Махмуров узнал, что это был Щепоткин, сын одного богатого московского купца, оставивший торговлю для самообразования, действительно ставший замечательно образованным человеком и страстным поклонником изящного в литературе, искусствах и музыке.

Когда Полярский вошел, Семиреченский бросился было к нему, кажется с тем, чтобы сделать его посредником спора, но, увидав незнакомого человека, сейчас как-то сжался.

— Мой молодой приятель, Махмуров, — сказал Полярский, представляя Махмурова: — студенческий мундир делал пояснения излишними. Семиреченский оглянул его и искренно пожал ему руку; то же сделал Щепоткин, и спор готов был снова завязаться, если бы в это время не раздался колокольчик в прихожей.

— Это они должны быть! — сказал Семиреченский и бросился в прихожую.

Щепоткин и Полярский пошли за ним, но Полярский остановился на минуту и, указав Махмурову на сидевшего у стола студента, сказал:

— А вот вам товарищ, Стахов — вы знакомы? — и, не ожидая ответа, вышел.

Стахов, дальний родственник Полярского, был курсом моложе Махмурова и шел по другому факультету; они почти не знали друг друга, но Махмуров был рад найти себе сверстника и сотоварища.
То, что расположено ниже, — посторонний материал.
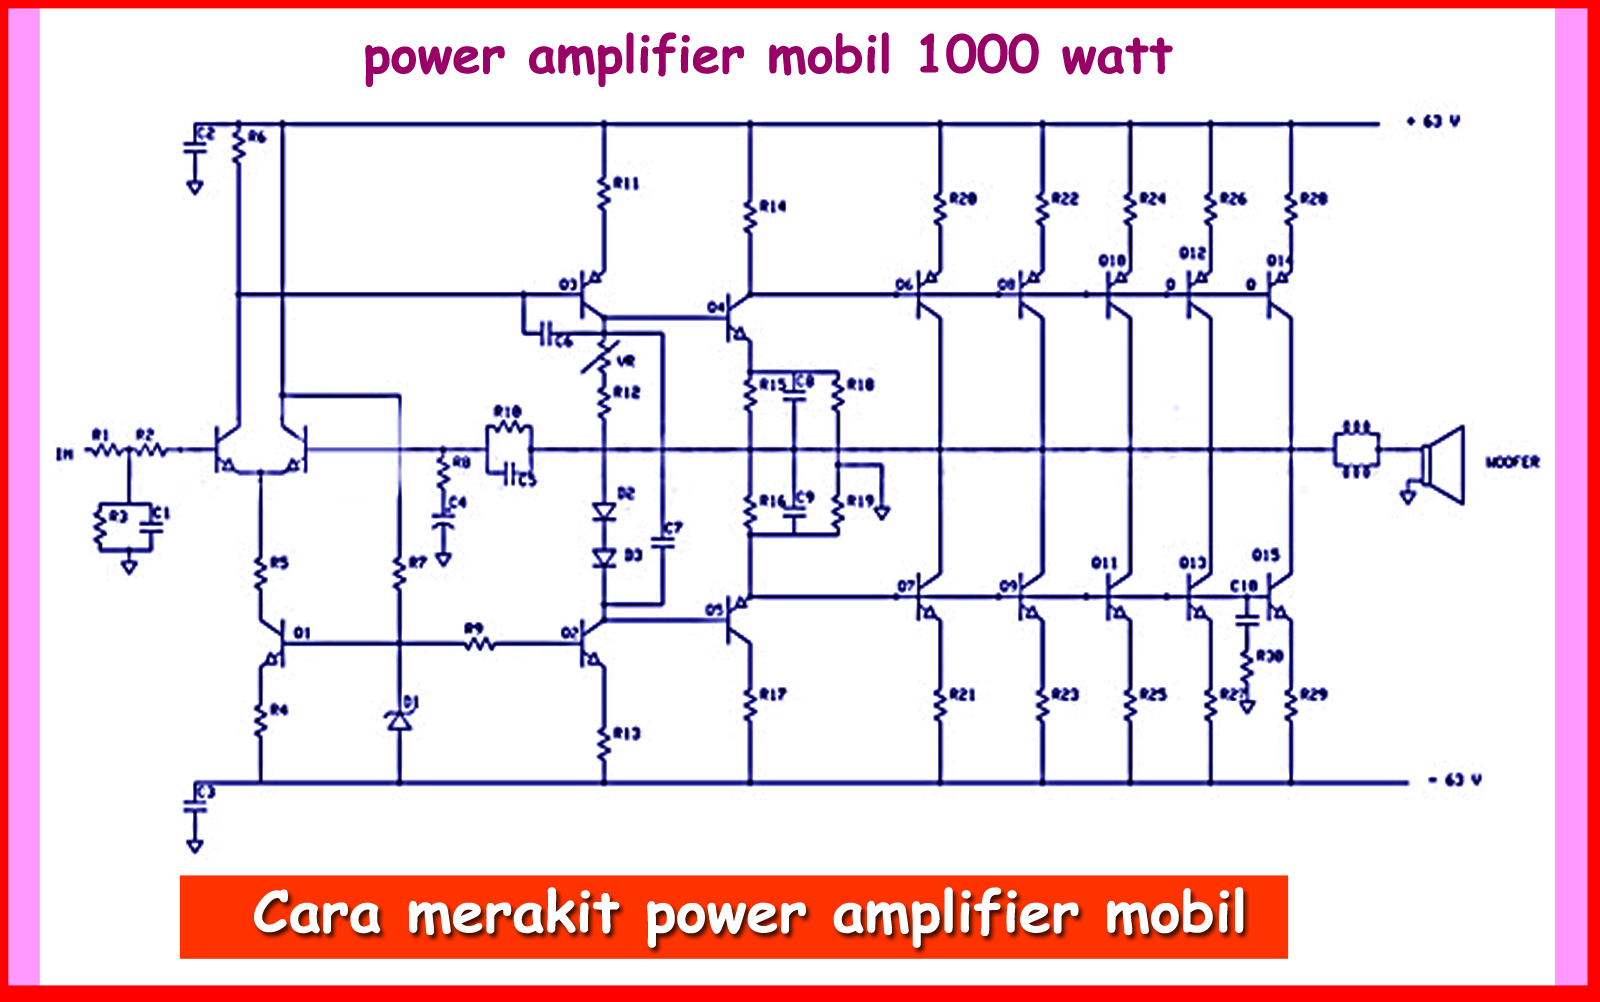 Cara Merakit Power Amplifier Mobil 1000 Watt Otokawancom Cara
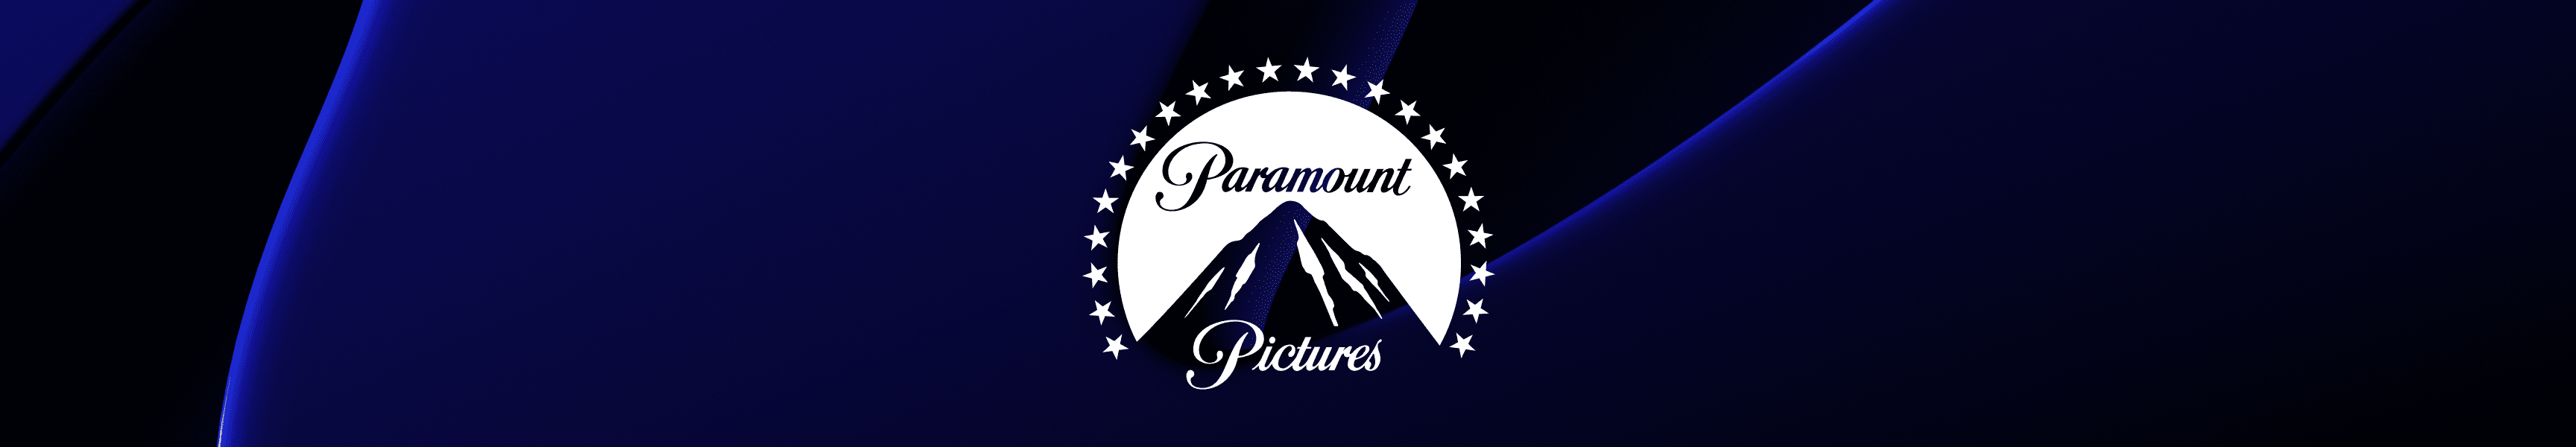 Paramount Pictures Chapeaux

Они разговорились.

А между тем из прихожей слышались восклицания: «Вот они!» «Здравствуйте», потом поцелуи и радостно шумевшие голоса. Вскоре все вошли в гостиную.

Один из прибывших был худой, высокого роста и не первой молодости человек. Это был профессор словесности Куратов, приехавший из Москвы, человек начитанный, умный, хотя ничем особенно не замечательный. Но он был человек честных убеждений, сочувствующий и близкий молодому кружку и вдобавок москвич; все присутствующие и большинство тогдашних лучших молодых деятелей были — москвичи из кружка́ незадолго перед тем умершего Станкевича — и все любили Москву.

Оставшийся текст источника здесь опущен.